O comentário mais desejado deixou de ser “Nossa, o que você fez?” para se tornar “Você está com uma aparência ótima. Dormiu bem? Está de férias?” Essa diferença parece pequena, mas representa uma mudança importante na forma como a estética é encarada.

Menos volume, mais qualidade da pele

Outra característica dessa nova fase é que o foco deixou de estar apenas no preenchimento. Cada vez mais espaço é ocupado por tratamentos que estimulam a própria pele a envelhecer de forma mais saudável.

Bioestimuladores de colágeno, plasma rico em plaquetas (PRP), fibrina rica em plaquetas (PRF), tecnologias baseadas em energia e outras estratégias regenerativas procuram melhorar textura, firmeza, luminosidade e qualidade da pele, em vez de simplesmente aumentar volumes.

Também cresce o uso de microdoses de neuromoduladores e de preenchedores, uma abordagem conhecida como prejuvenation. A proposta é tratar sinais muito iniciais do envelhecimento e preservar a naturalidade da expressão facial, sem bloquear completamente os movimentos. Mais do que rejuvenescer, o objetivo passa a ser envelhecer bem.

Harmonia facial vale mais do que um procedimento isolado

Outro conceito importante é que o rosto passou a ser avaliado como um conjunto. Durante muitos anos, era comum tratar apenas uma região específica, como os lábios ou as maçãs do rosto.

Hoje, a tendência é analisar proporções, equilíbrio entre as estruturas da face e características individuais antes de indicar qualquer procedimento.

Em muitos casos, a melhor decisão é justamente não preencher determinada área ou utilizar quantidades menores de produto. Isso reduz o risco de exageros e preserva aquilo que torna cada rosto único.
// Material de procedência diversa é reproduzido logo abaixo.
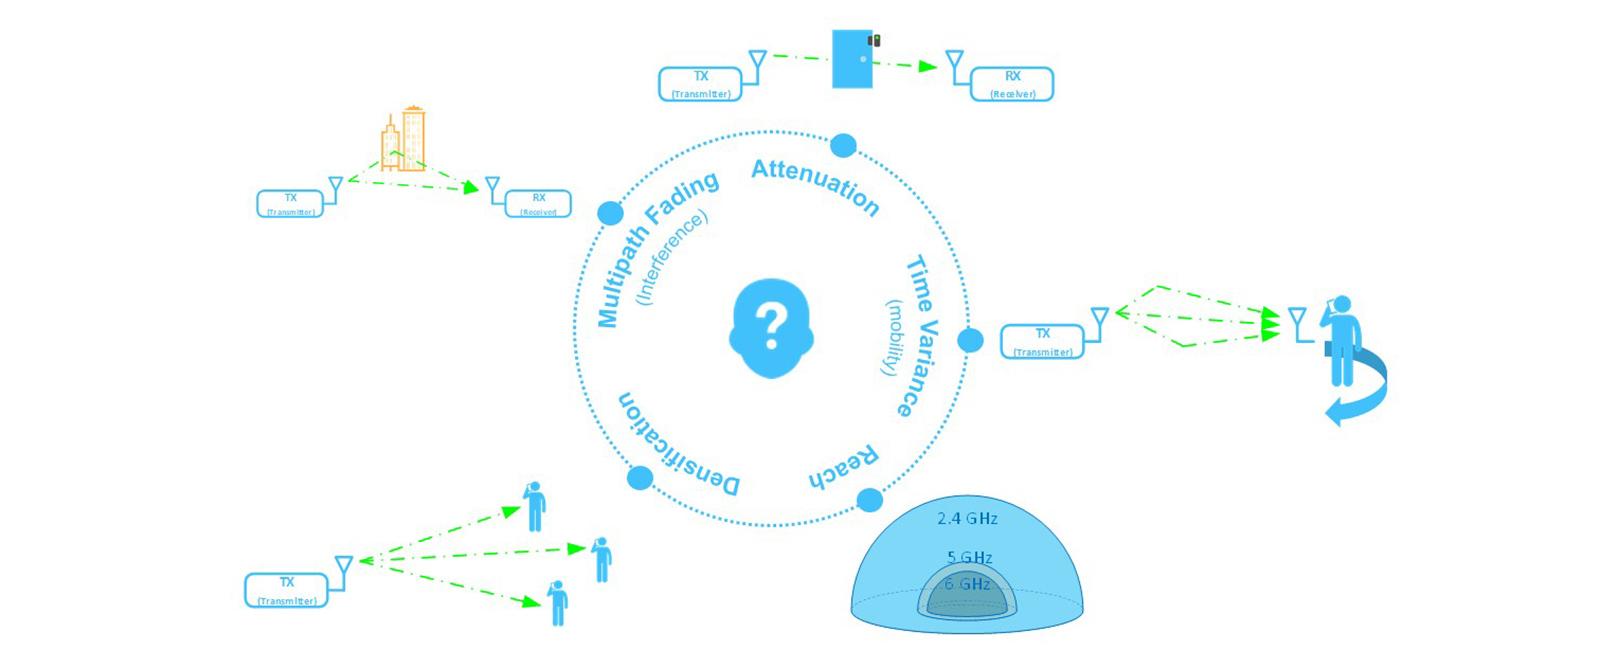 wireless challenges diagram

A influência das redes sociais

Curiosamente, as próprias redes sociais contribuíram para essa mudança.

Se, em um primeiro momento, ajudaram a popularizar procedimentos estéticos, também passaram a expor rapidamente resultados artificiais. Rostos excessivamente preenchidos e transformações muito evidentes frequentemente se tornam alvo de críticas e comentários.

Ao mesmo tempo, cresce a valorização de uma aparência saudável, descansada e compatível com a idade de cada pessoa. A estética moderna parece caminhar para um equilíbrio: utilizar a tecnologia disponível sem apagar as características individuais.

Talvez o maior elogio que um paciente possa receber depois de um tratamento seja justamente aquele que não menciona o procedimento. Porque a melhor dermatologia não é aquela que muda um rosto. É aquela que faz a pessoa parecer bem, preservando sua identidade.